_Your goal_: Your answer must be the exact lines below, starting with the line with "The busy commercial" and going on through the line with "Hepa-Merz Hepa Merz", both included, with no pictures.

_Record excerpts_:
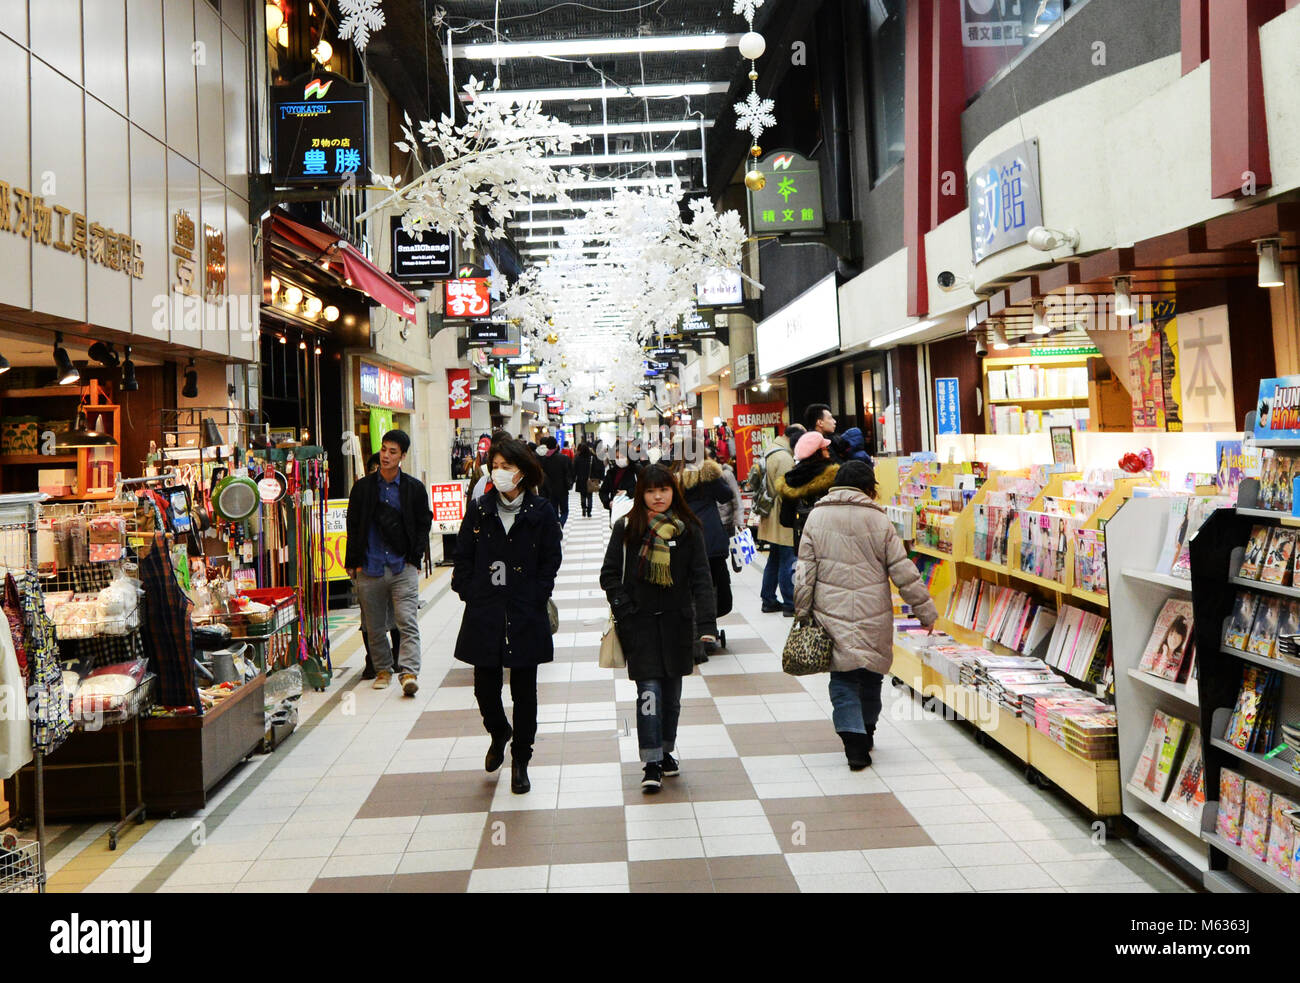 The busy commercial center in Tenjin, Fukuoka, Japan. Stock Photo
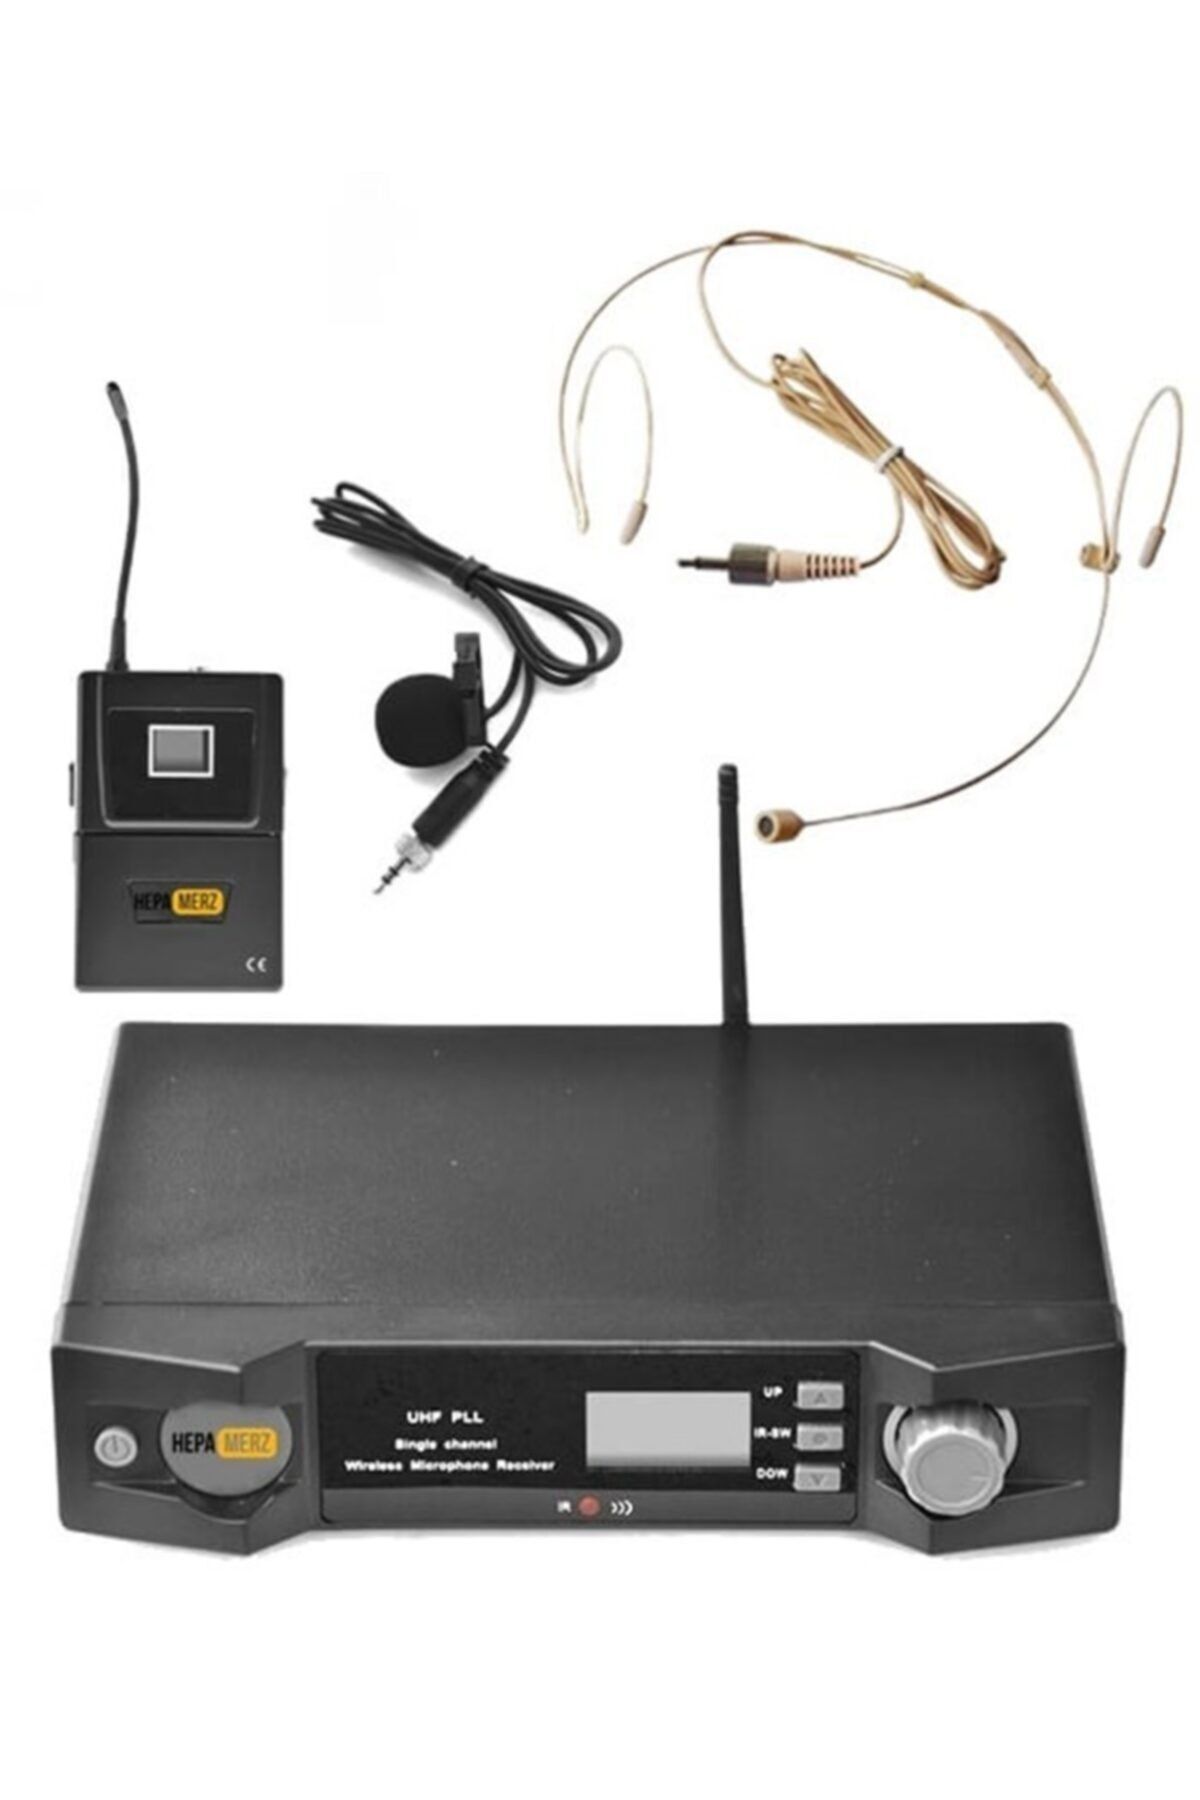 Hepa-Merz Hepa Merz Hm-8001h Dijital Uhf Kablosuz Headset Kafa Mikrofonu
* * *
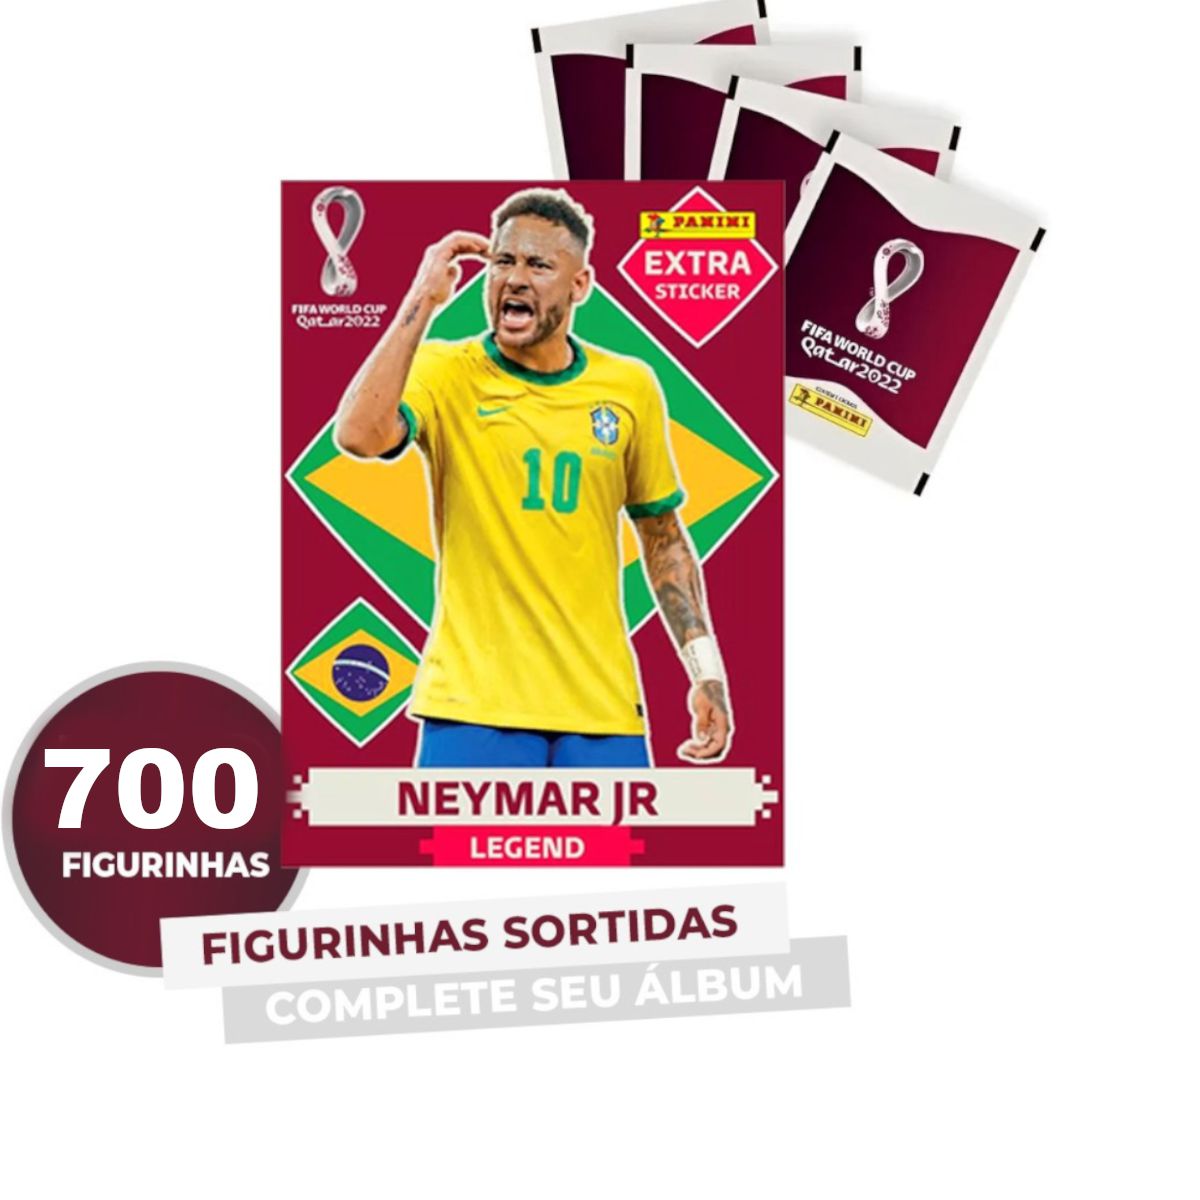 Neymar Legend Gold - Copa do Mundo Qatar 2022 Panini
---
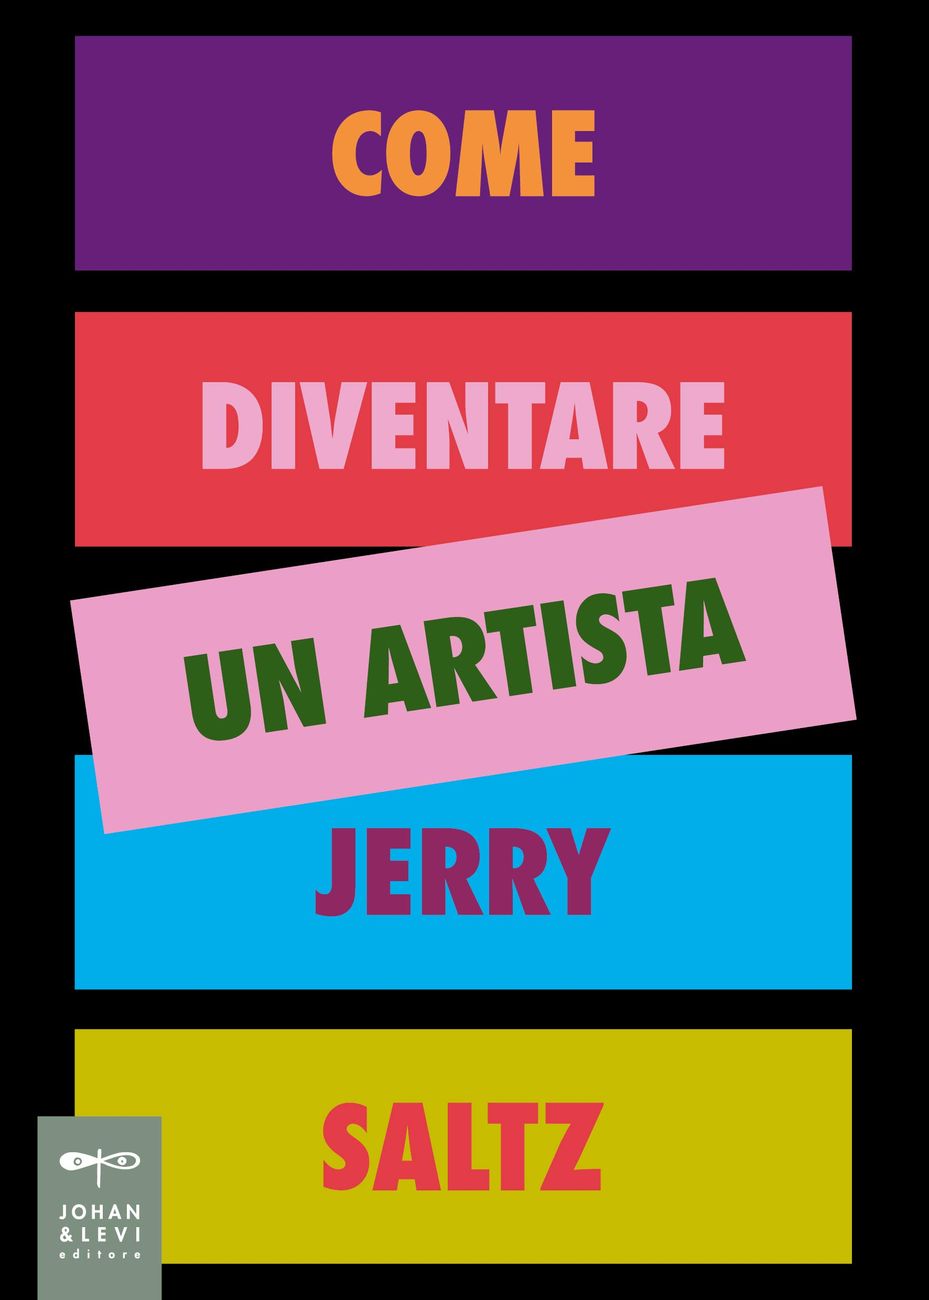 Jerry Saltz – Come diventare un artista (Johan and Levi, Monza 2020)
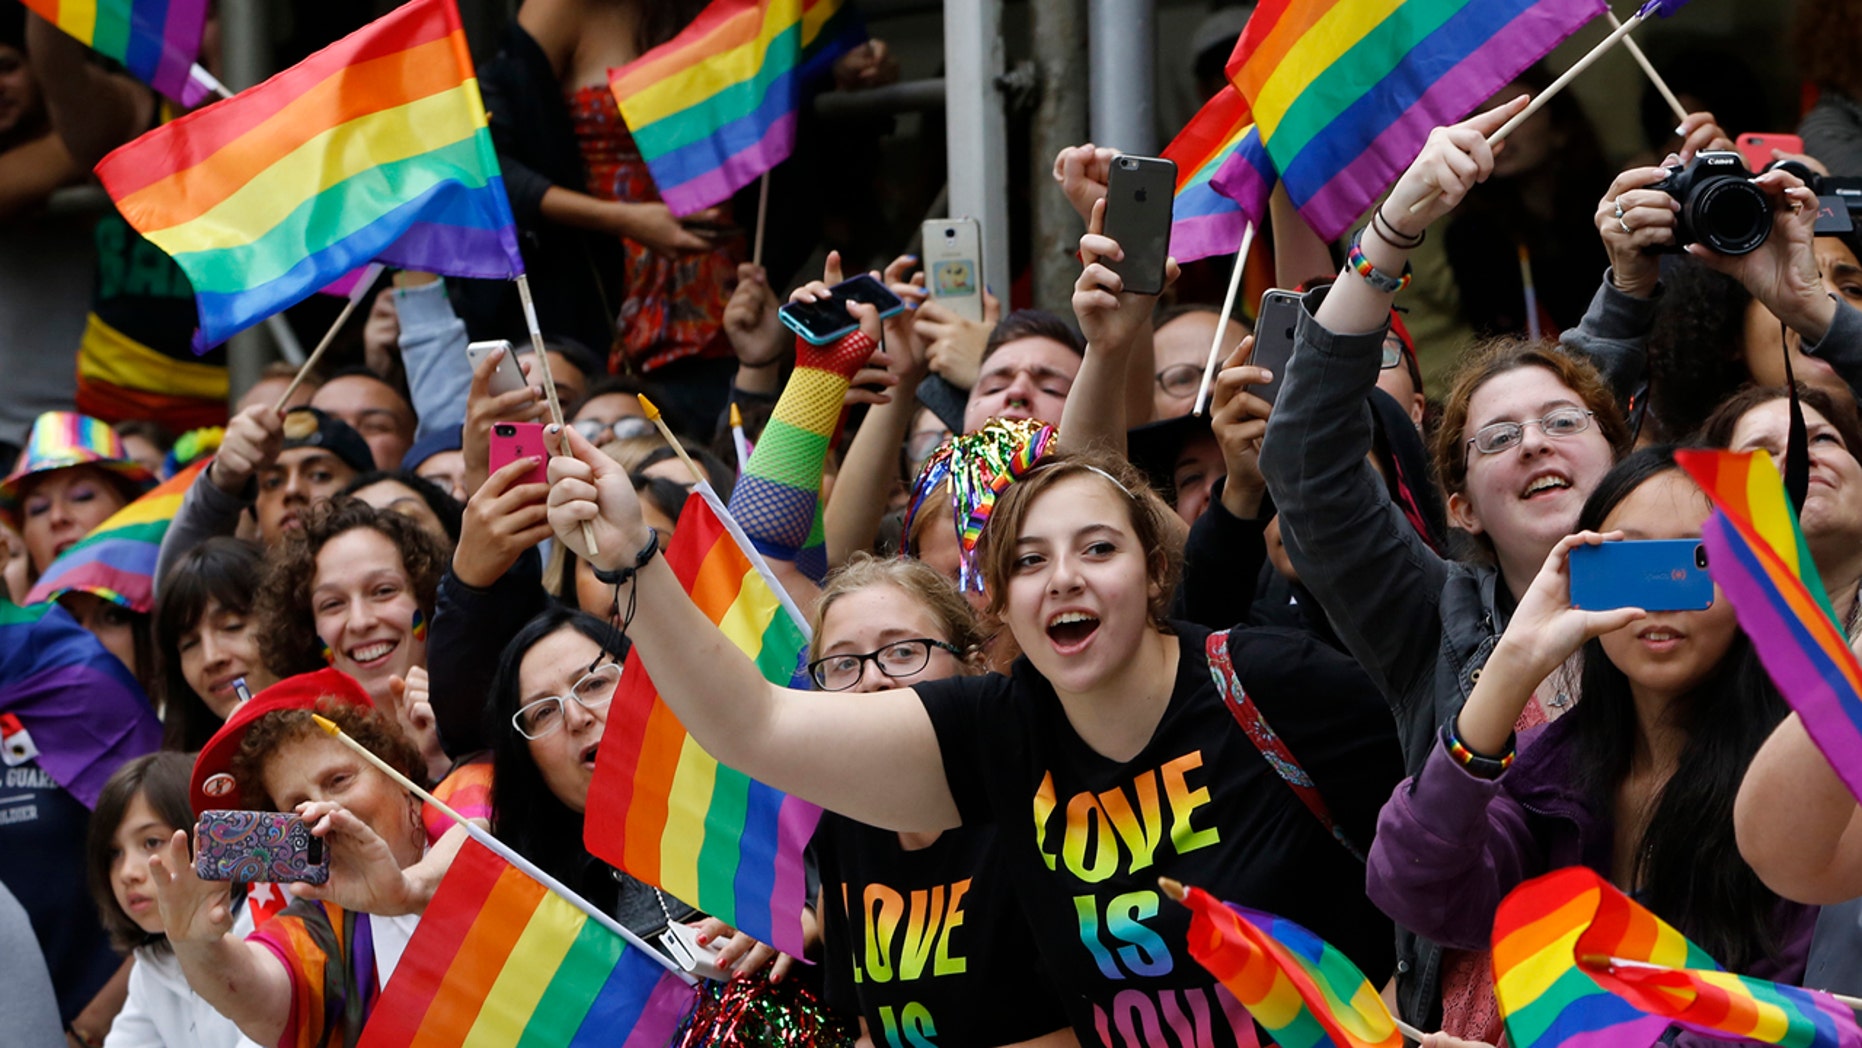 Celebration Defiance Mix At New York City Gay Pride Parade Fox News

_Exercise answer_:
 The busy commercial center in Tenjin, Fukuoka, Japan. Stock Photo
 Hepa-Merz Hepa Merz Hm-8001h Dijital Uhf Kablosuz Headset Kafa Mikrofonu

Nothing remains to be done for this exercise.